The School Committee approved the contract 4-0, with Chairman Keith Cheveralls abstaining. Cheveralls is barred from voting on the contract under conflict-of-interest rules, because his wife is a teacher in the Harvard school system. Cheveralls explained that he will seek advice from school counsel Naomi Stromberg as to whether he can legally be a signatory to the final agreement.
After the vote, Cheveralls stated that he wished to acknowledge “the hard work of every single one of my colleagues on the School Committee, the superintendent, the town administrator, the Board of Selectmen, and a whole variety of other folk who really did contribute to what I now know was an incredibly grounded effort to bring some multi-faceted issues, complex issues, to closure in such a timely manner. I’m humbled by the dedication and hard work that many people have put in while I, of course, have been recusing myself on the sidelines because my wife Mary Anne is a teacher in Harvard.”

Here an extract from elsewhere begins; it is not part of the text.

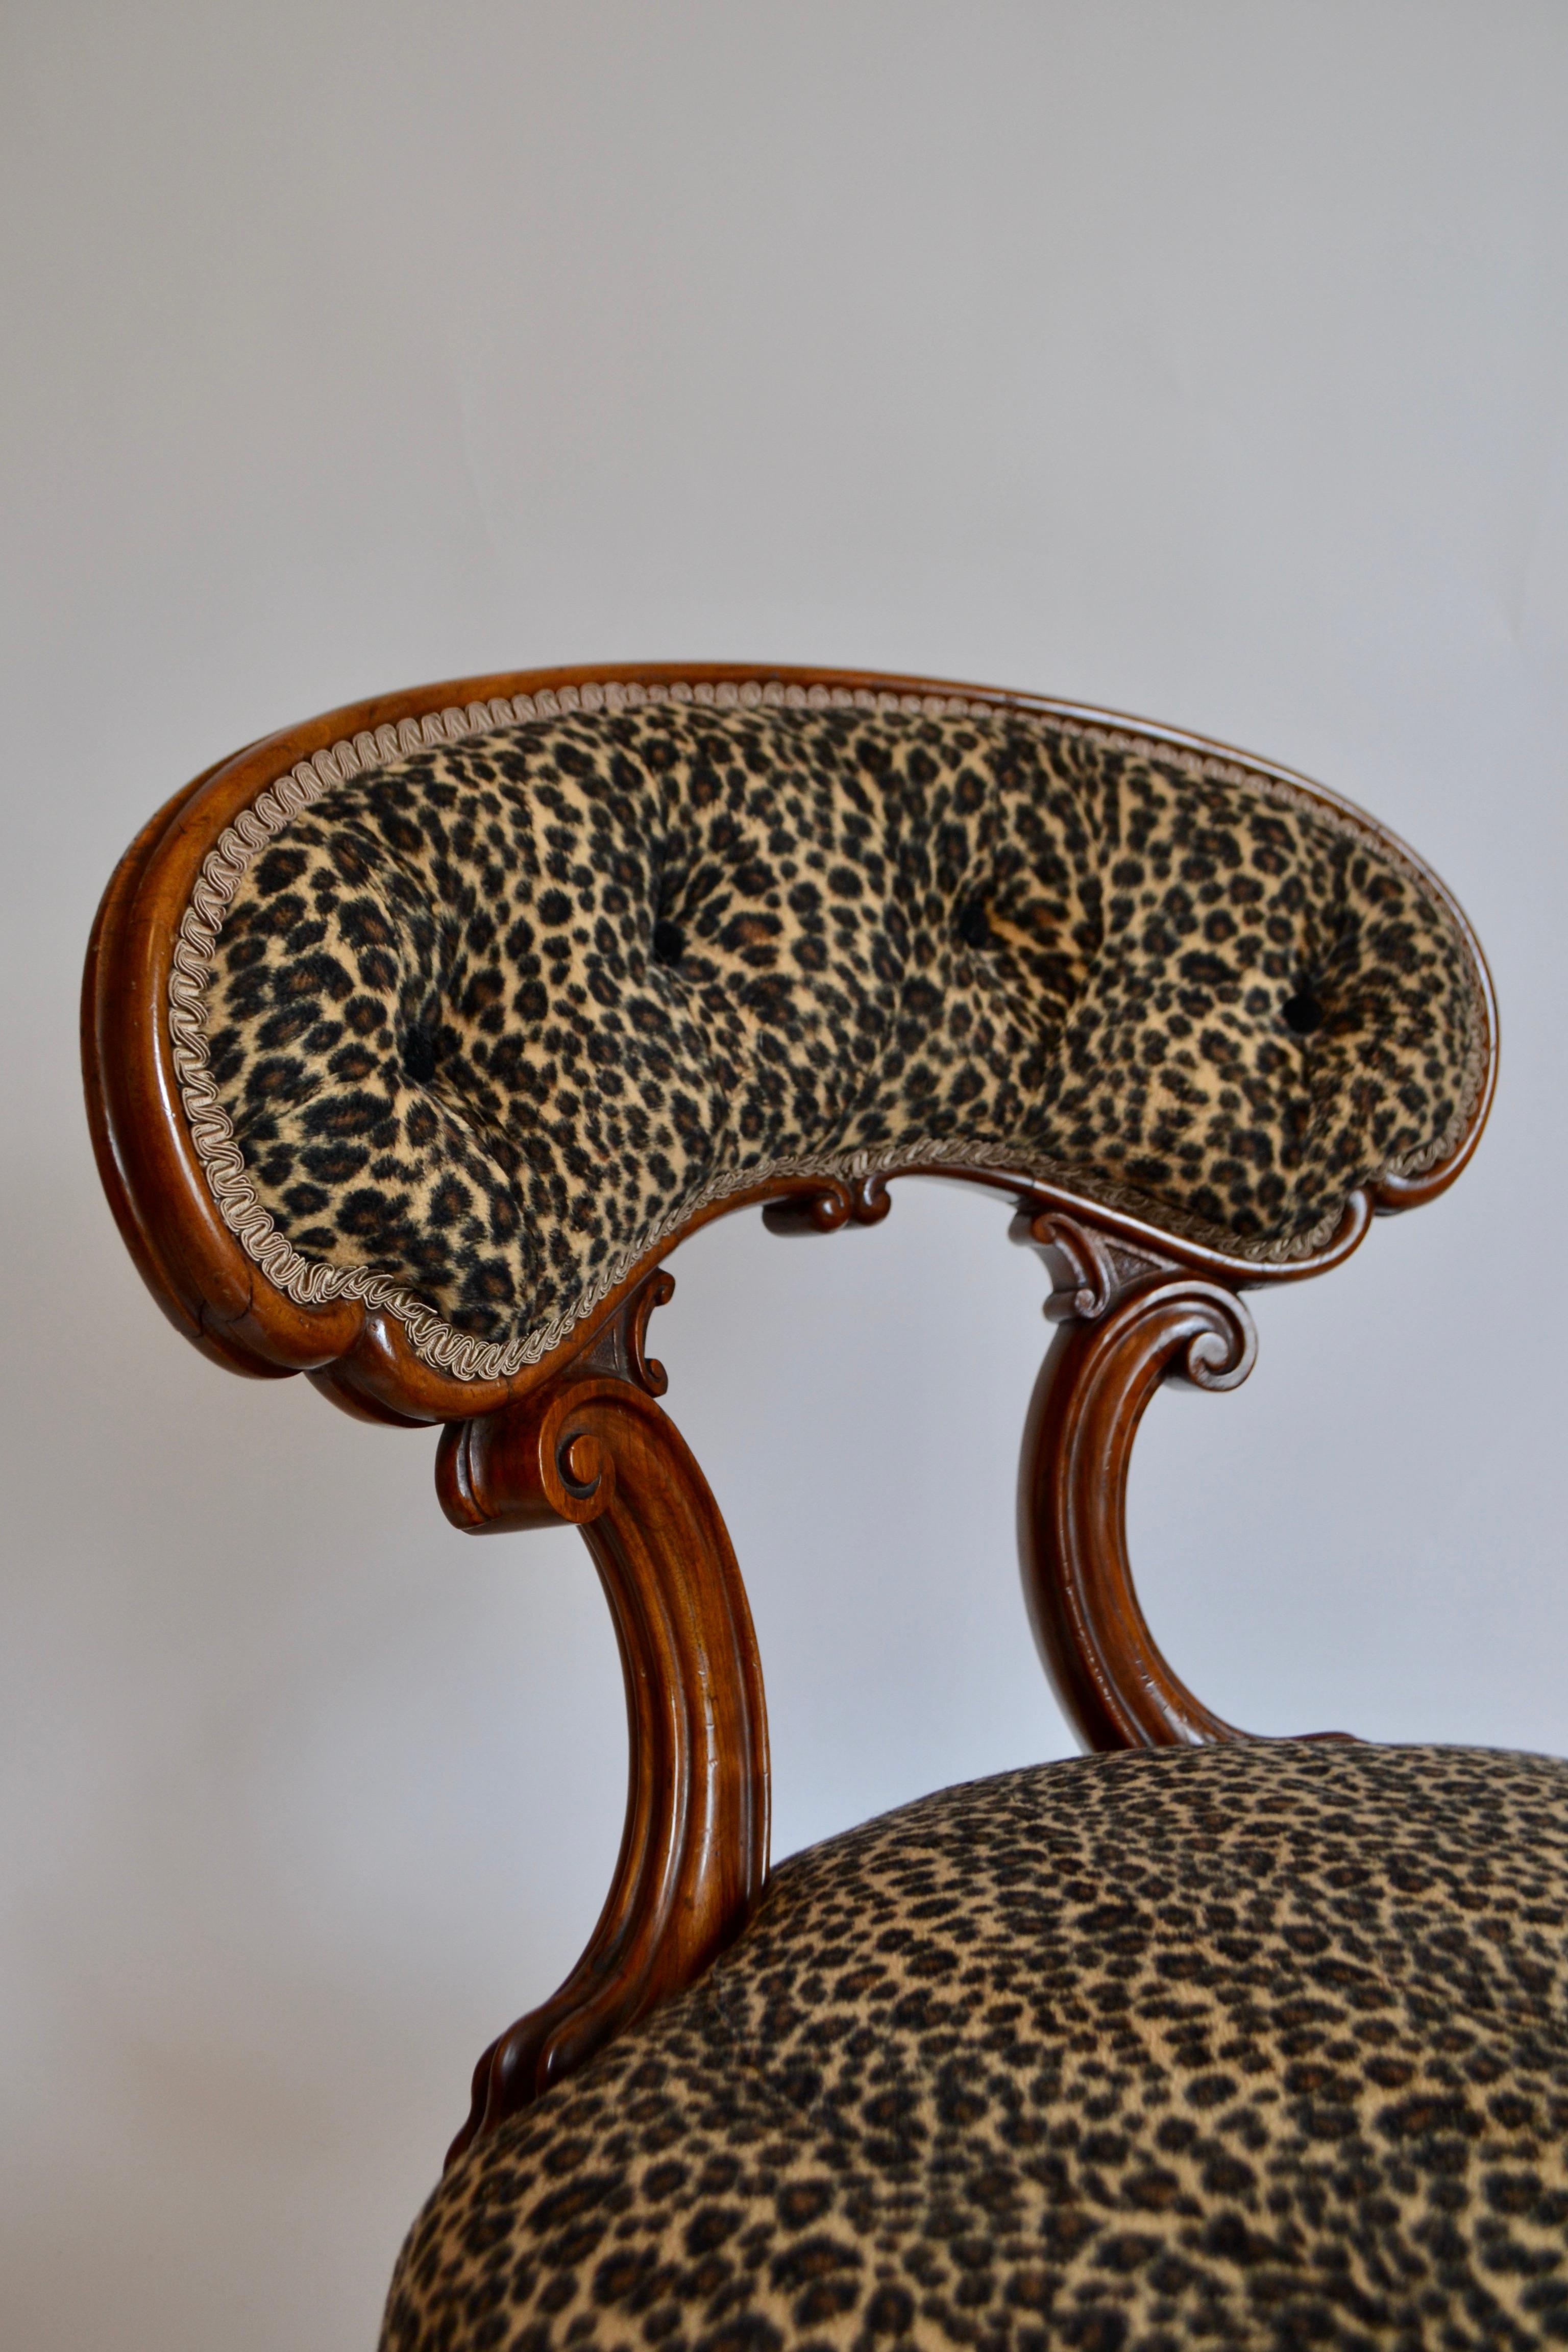 Pair of Victorian Walnut Chairs Upholstered in Faux Leopard Skin, 19th Century For Sale 1

With the agreement on the teacher’s contract, the school budget for fiscal year 2011 stands at $12,753,491. The amount on which the town will vote in the omnibus budget at the Annual Town Meeting is expected to be $11,094,861. The difference between the two amounts—$1,658,630—is the amount that the schools obtain from other sources, including state aid, school choice funds, and the contract with MassDevelopment to educate the Devens students.